Positive results from the HERCULES phase 3 study showed that
tolebrutinib, Sanofi’s oral brain-penetrant BTK inhibitor, met the
primary endpoint of improvement over placebo in delaying time to
onset of confirmed disability progression (CDP) in people with
non-relapsing secondary progressive MS (nrSPMS). In the HERCULES
study, nrSPMS was defined at baseline as having a SPMS diagnosis
with an expanded disability status scale (EDSS) score between 3.0
and 6.5, no clinical relapses for the previous 24 months and
documented evidence of disability accumulation in the previous 12
months. Preliminary analysis of liver safety was consistent with
previous tolebrutinib studies.
Results from the GEMINI 1 and 2 phase 3 studies evaluating
tolebrutinib did not meet the primary endpoint of reducing
annualized relapse rate (ARR), compared to teriflunomide, in people
with relapsing forms of multiple sclerosis. However, analysis of
the key secondary endpoint of pooled 6-month CDW data showed a
considerable delay in time to onset, which supports the CDP data
observed in HERCULES.
Houman Ashrafian, MD, PhD
Head of Research & Development, Sanofi
“Tolebrutinib represents an unprecedented breakthrough as a
potential first-in-disease treatment option with clinically
meaningful benefit in disability accumulation. Addressing
disability accumulation, thought to be driven by smoldering
neuroinflammation, remains the greatest unmet medical need in
people with non-relapsing secondary progressive MS today.”
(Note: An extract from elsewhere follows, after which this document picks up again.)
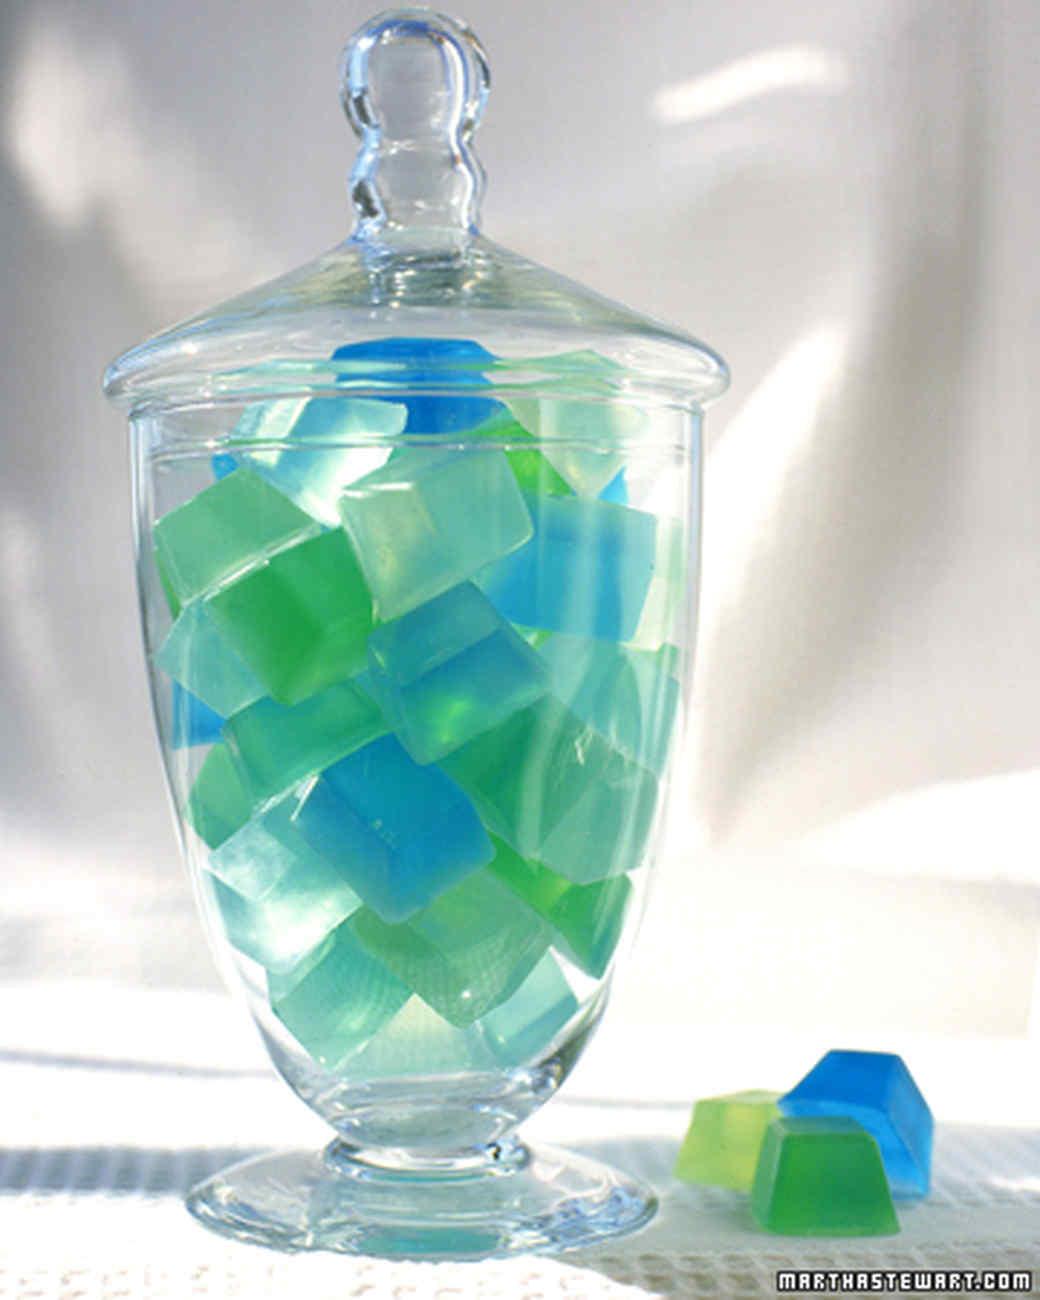 gt070_soapcubes2.jpg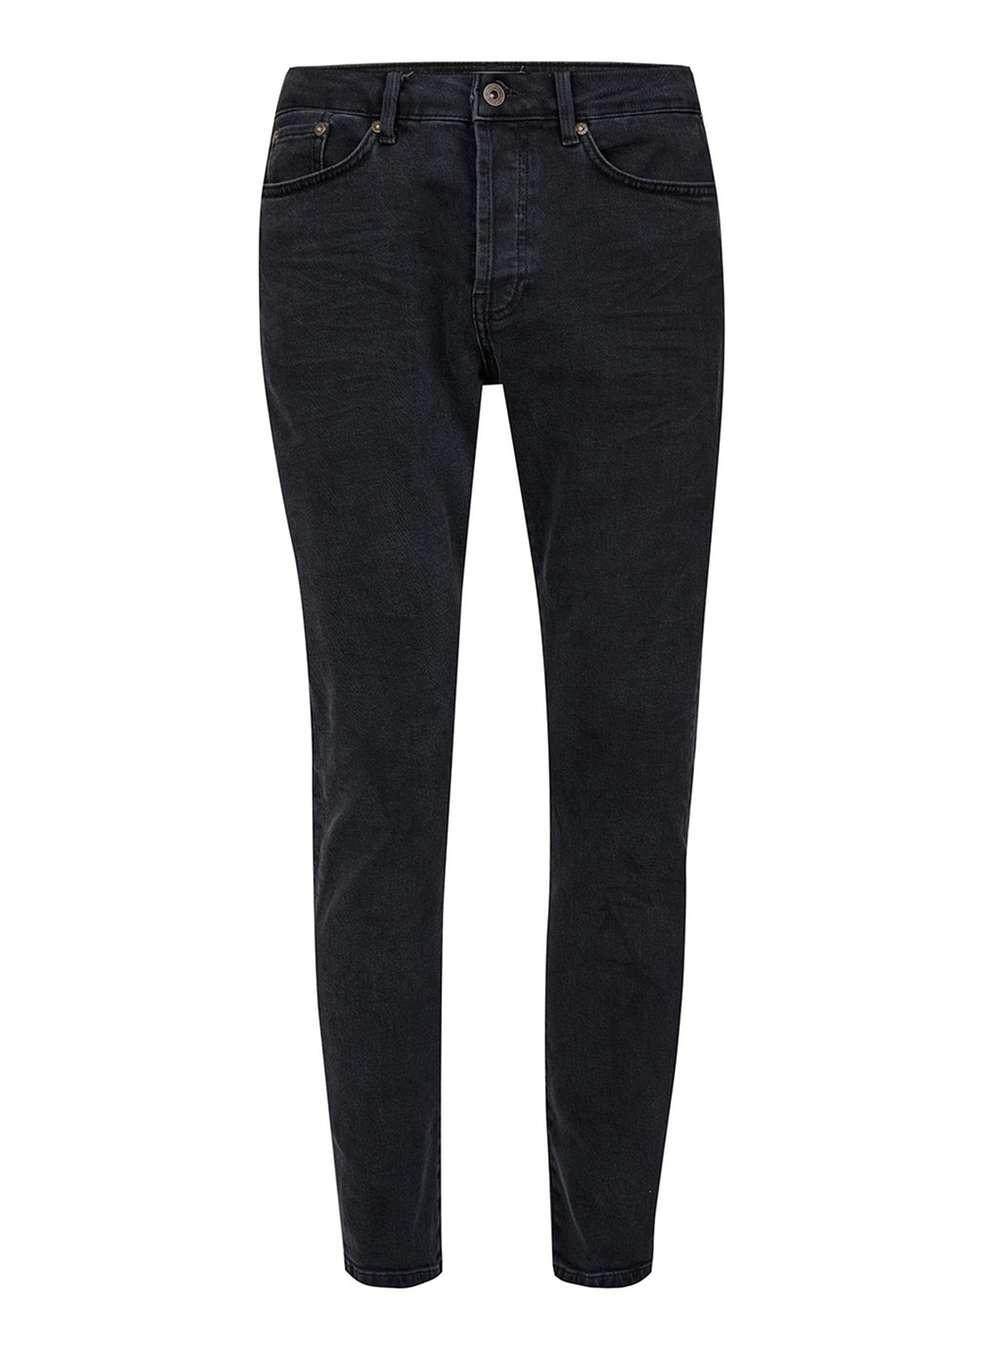 Topman Washed Black Jeans

The PERSEUS phase 3 study in primary progressive MS, evaluating
time to onset of CDP, is currently ongoing with study results
anticipated in 2025.
Study results for HERCULES and GEMINI 1 and 2 will be presented
at the upcoming European Committee for Treatment and Research in
Multiple Sclerosis (ECTRIMS) medical meeting in Copenhagen,
Denmark, September 20, 2024. Tolebrutinib is currently under
clinical investigation, and its safety and efficacy have not been
evaluated by any regulatory authority.
Multiple sclerosis is a chronic, immune-mediated,
neurodegenerative disease that results in accumulation of
irreversible disabilities over time. The physical and cognitive
disability impairments translate into gradual deterioration of
health status and lower quality of life, impacting patients’ care
and life expectancy.
Disability accumulation remains the significant unmet medical
need in MS. To date, the primary target of current therapies has
been peripheral B and T cells, while innate immunity, which is
believed to drive disability accumulation, remains largely
unaddressed by current therapies. Currently approved or medicines
being tested for MS mainly target the adaptive immune system and/or
do not act directly within the central nervous system (CNS) to
drive clinical benefit.
RMS refers to people with MS who experience episodes of new or
worsening symptoms (known as relapses) followed by periods of
partial or complete recovery. nrSPMS refers to people with MS who
have stopped experiencing confirmed relapses but continue to
experience accumulation of disability, experienced as symptoms such
as fatigue, cognition impairment, balance and gait impairment, loss
of bowel and/or bladder function, sexual disfunction, amongst
others.
Tolebrutinib's mechanism of action modulates both B lymphocytes
and activated microglia in the CNS, which is understood to address
the underlying mechanisms of disability accumulation in MS linked
to smoldering neuroinflammation in the brain and spinal cord.
About GEMINI 1 & 2
GEMINI 1 (clinical study identifier: NCT04410978) and GEMINI 2
(NCT04410991) were randomized, double-blind phase 3 clinical
studies evaluating the efficacy and safety of tolebrutinib compared
to teriflunomide in participants with relapsing forms of MS.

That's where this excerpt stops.